Phillip Hallam-Baker wrote:
> 
> > Your faith in government is touching. The fact is, the crypto ban will
> only
> > be truly repealed when the NSA has quantum chips that can decode almost
> > anything in realtime. The government does not care ONE SMEGGING BIT about
> > 'terrorists' or 'criminals' or 'spies'. It cares only, solely, and totally
> > about being able to spy on average citizens.
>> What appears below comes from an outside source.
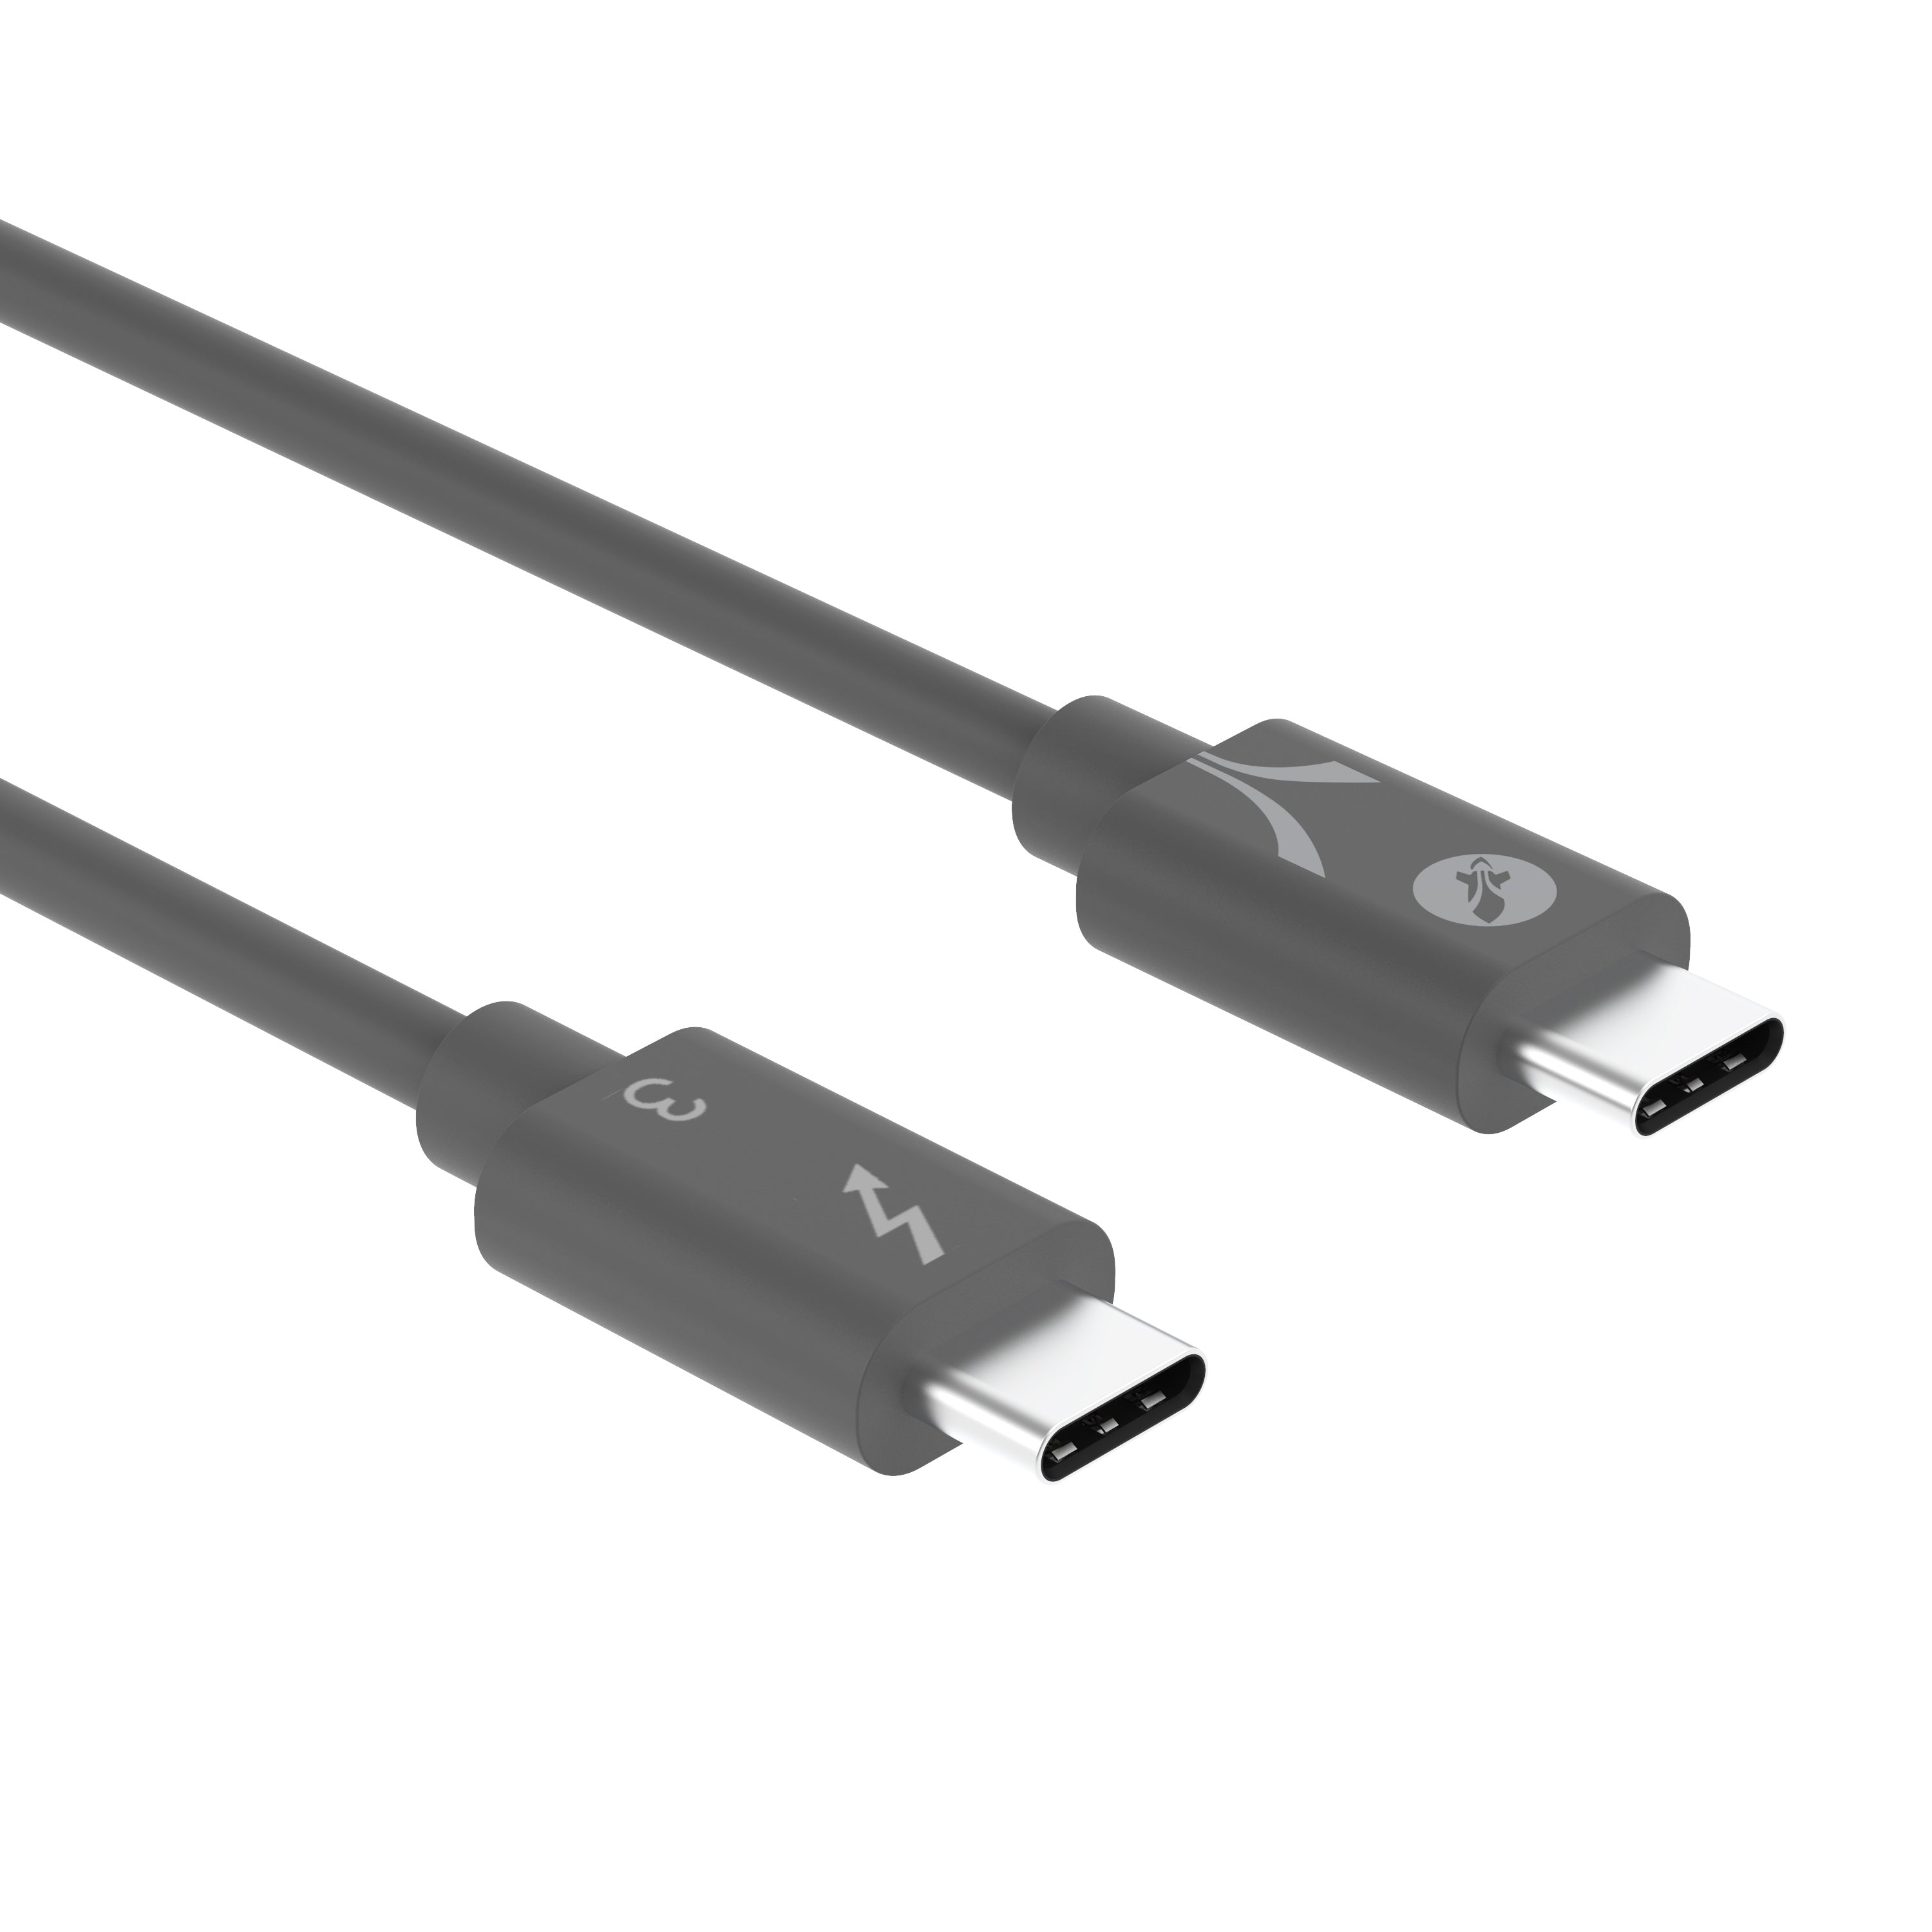 Thunderbolt 3 (Certified) USB Type-C Cable - Sabrent

It wants control, and that's
> all.
> 
> Your paranoia is getting the better of you.
> 
> Most people who work for governments are ordinary people and not the
> facist thugs of your bizare fantasies.
> 
> Most people who work for intelligence agencies are pretty normal come
> to that.

Really, then why did we have all this bullshit set of restrictions of strong
encryption?

Why do we have all this recent fearmongering and FUDding about terrorists, drug
dealers, child abusers, and hackers who might use crypto and befuddle the FBI
in catching script kiddies who use denial of service attacks?  (IMHO, they're
the ones doing the DoS's anyway.)
 
> > > The problem was that it was billed as a purely civil rights issue. This
> > >won the argument on the need to change policy but not the issue of
> timing.
> > >I spent several years trying to work out an answer to the question 'but
> if
> > >as you say it is having no effect, why is there a need for a change
> now?'.
> > >
> > Actually, I found, to my annoyance, it was billed as a competitiveness
> > issue. OTOH, if it wasn't, NO ONE would have paid attention. At least a
> few
> > people in government are more interested in money than in power, but not
> > enough.
> 
> As I said, the civil rights issue had no traction since there was an
> inherent
> contradiction. We all knew that the export control regs. were inffective.
> So how could an ineffective regulation be a civil right threat?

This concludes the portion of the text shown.